Chicken Processing, Wendell Berry, Jesus, the Tao Te Ching, Jimmy Carter, and Winter Storms
The sun hasn’t come up today yet, but the sunrise yesterday was extraordinary!
With that sunrise as a kick-starter, we immediately began loading up 265 pasture-raised meat chickens to take to our processor so that we will have chicken for our pop-up market on Saturday in Dallas.
Our chicken processor is such a gift. I’m not even sure we would raise chickens if it weren’t for Wind Meadows Family Farm. They are one of only a few USDA certified processors for small farms in the entire state and they are only thirty-five minutes away from us.
They specialize in pasture-raised birds like ours and are so easy to work with which is certainly not always the case with processing facilities. It’s a pretty unnerving thing to work so hard to treat these animals with such care and then trust that your processor will do the same. Will we even be getting back the animals that we raised?
I have come to really trust Windy Meadows. Not only are we getting OUR birds back, they have always worked with any special orders we have had and called with any questions.
A great off-shoot to working with Windy Meadows has been getting to know Daniel who is in charge of the processing operation.
Daniel is part of the family who owns the farm. He and his spouse are expecting their (gulp) sixth child within a month. Daniel, doesn’t look like a roughneck meat processor but instead approaches with a clean shaven face and a disarming smile. He looks like he could be your young therapist instead of the processor ready to slaughter your chickens.
He talks like it too.
Within five to seven minutes of our visit yesterday he summized that fear or control seem to be at the root of so many problems. From my point of view, he just explained most of my problems and oh, by the way, the history of human civilization.
And then he threw out this nugget. He said that he used to wonder a lot about what he should do with his life, and now “I am just trying to be faithful in the spot where I am planted.”
Imagine that—being in your thirties and not chasing the better salary or bigger house. “If I was with her, or my waist was slimmer, or I had that job, life would finally be good. After all, it’s nine days into January, isn’t this the time to set goals of where I want to be?”
No, says the chicken processor—I am trying to be faithful where I am planted.
It sounds like the entire summation of the wisdom of Wendell Berry’s writings. Berry (I so wish we were related) could have worked at a prestigious university but instead lives on the family farm where he has written over thirty books and countless essays and poems with a No. 2 pencil.
Berry was a regenerative farmer before regenerative farm was a thing. He reminds us that new is not always better, that sexy is not always satisfying, and that more efficency does not always equal better results. He counsels us to not always “pray for new earth or heaven, but to be
quiet in heart, and in eye, clear. What we need is here.”
“I am trying to be faithful where I am planted.”
That phrase sounds like Jesus when he told the parable of the man who planned to build more barns to hold more stuff and yet ended up all alone talking to himself, or his admonition to not wait for things to come but to “wake up” and do the work right in front of us, or his kind words to not worry about the troubles of tomorrow. Today’s troubles are enough.

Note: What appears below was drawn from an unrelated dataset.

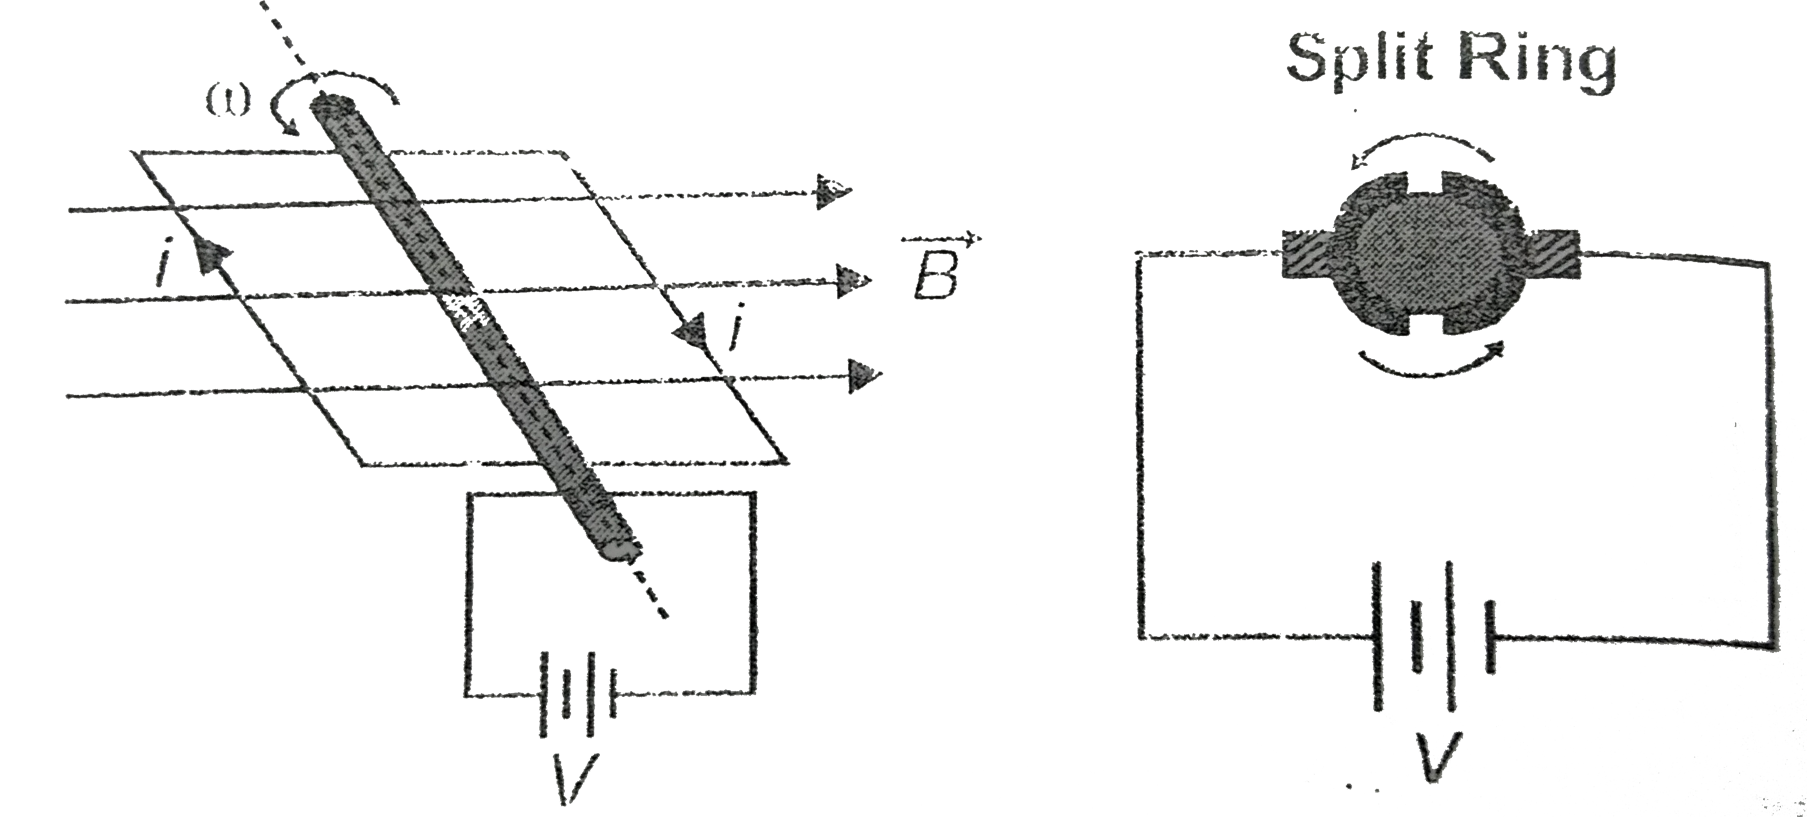 A dc motor works on the principle that a current carrying coil, when placed in a magnetic field experiences a torque. The arrangement consists of a coil suspended in a region of magnetic field. When a current is passed through the coil, it experiences torque and starts rotating. A simple arrangement is shown below.      The coil rotates under the action of torque. The current is supplied to the coil by an arrangement of two sliding contacts and a split ring. As the coil rotates, the magnetic flux linked with the coil changes. This leads to production of an induced emf epsilon in the coil. By Lenz's law, the induced emf opposes the applied voltage and therefore, it is called back emf. If R is the resistance in the coil, the current i flowing through the coil at any instant is i=(V-epsilon)/(R). The back emf is developed due to induction and it is directly proportional to speed of rotation and it is directly proportional to speed of rotation of the motor. There is a continuous power loss i^(2)R in the motor, in form of heat.   When a dc motor is running unloaded (full speed) the current through it is 1 A. What will be the current flowing through the motor, when it is loaded to run at half its maximum speed, it applied voltage is 10 V and armature resistance is 5 Omega

It sounds like the message I get from reading the Tao Te Ching where I am told that “a good traveller has no fixed plans and is not intent upon arriving” or my friends in Alcoholics Anonymous who teach me to not to worry about the future. “Just do the next right thing. By the way, If you don’t know what the next right thing is, just do the next loving thing because that’s usually the next right thing.”

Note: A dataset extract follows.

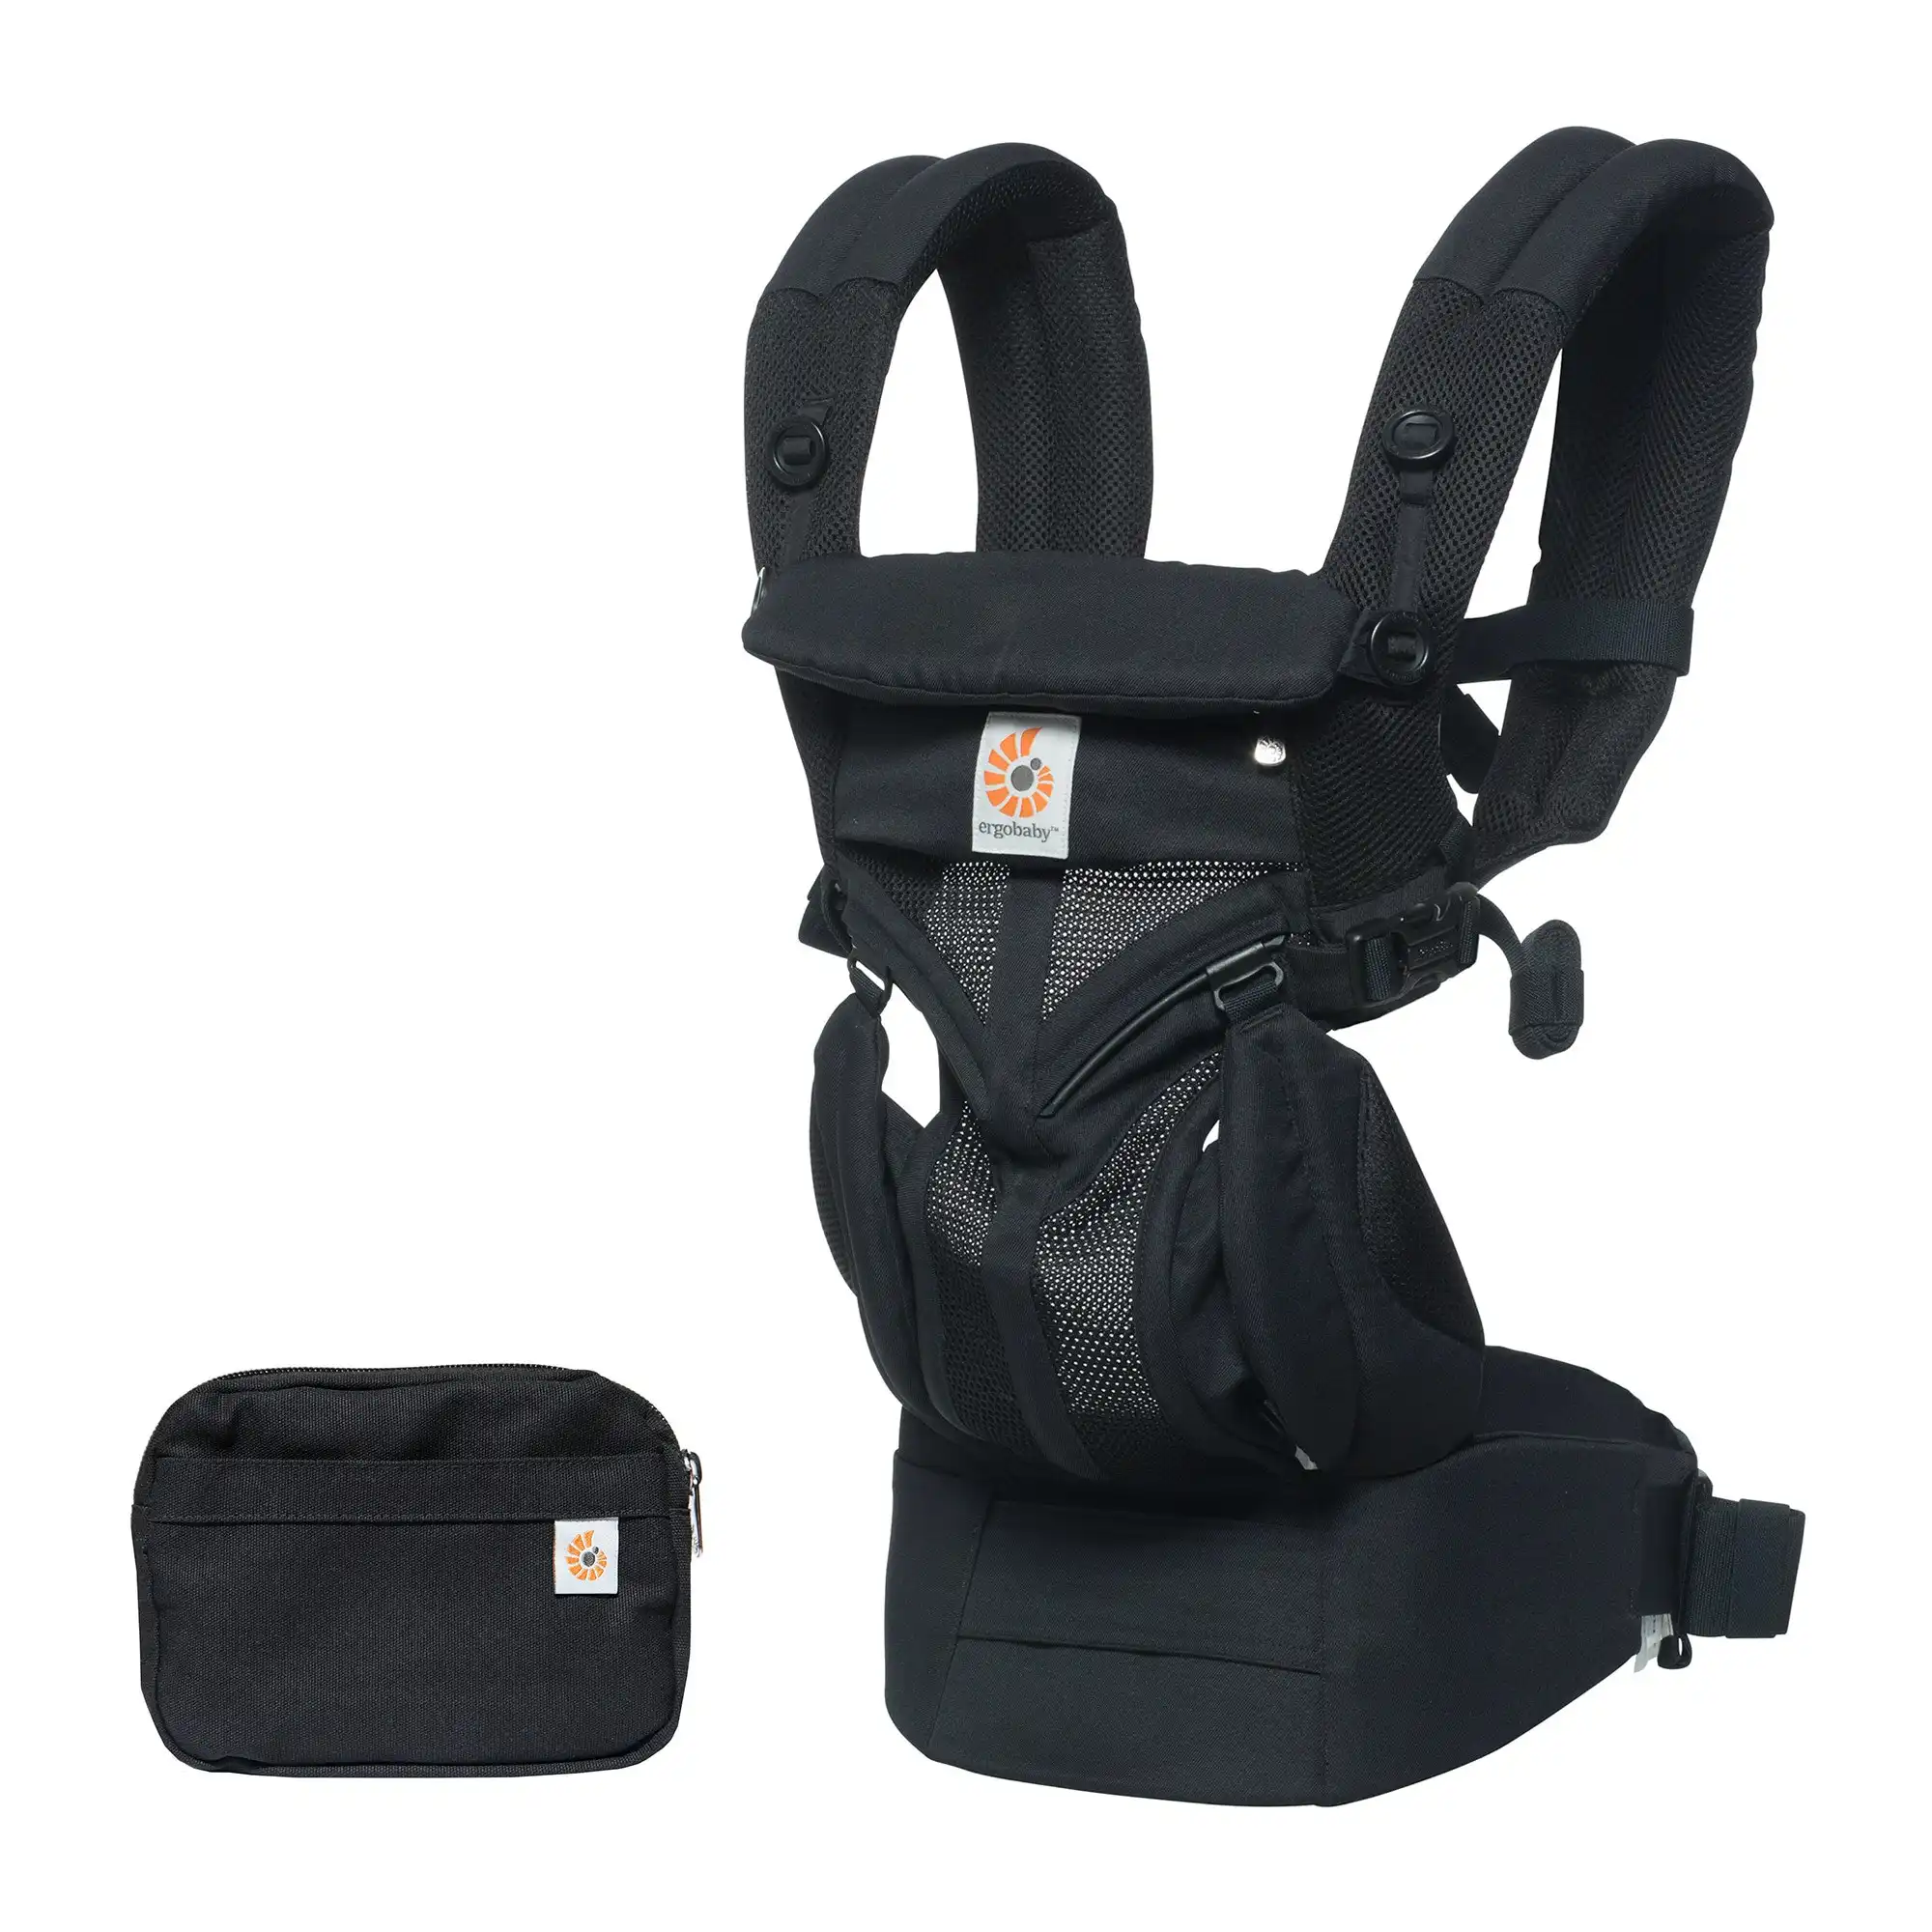 Ergobaby Omni 360 All Position Baby Carrier Cool Air Mesh - Onyx Black

And so here we are, on the day that our nation honors a peanut farmer who did do big things, but then instead of making more money on more speeches to enhance corporate profits, just went back to the house where he had always lived in little Plains, Georgia.
He went back to the same community he was planted in doing the same things he always did with integrity. Of course, he also built a lot of houses for people that didn’t have them and taught a lot of Sunday school classes too. He was faithful in the spot where he was planted.
I wish I lived in a place that didn’t have crazy weather with tornadoes in the spring, crushing heat in the summer and a maybe rain/maybe snow/maybe ice storm staring us in the face. A place without wild hogs and hungry coyotes and pesky fire ants!
And then I take our chickens to be slaughtered at a little place outside of the small town of Cumby, Texas and I hear these words—
“I am just trying to be faithful where I am planted.”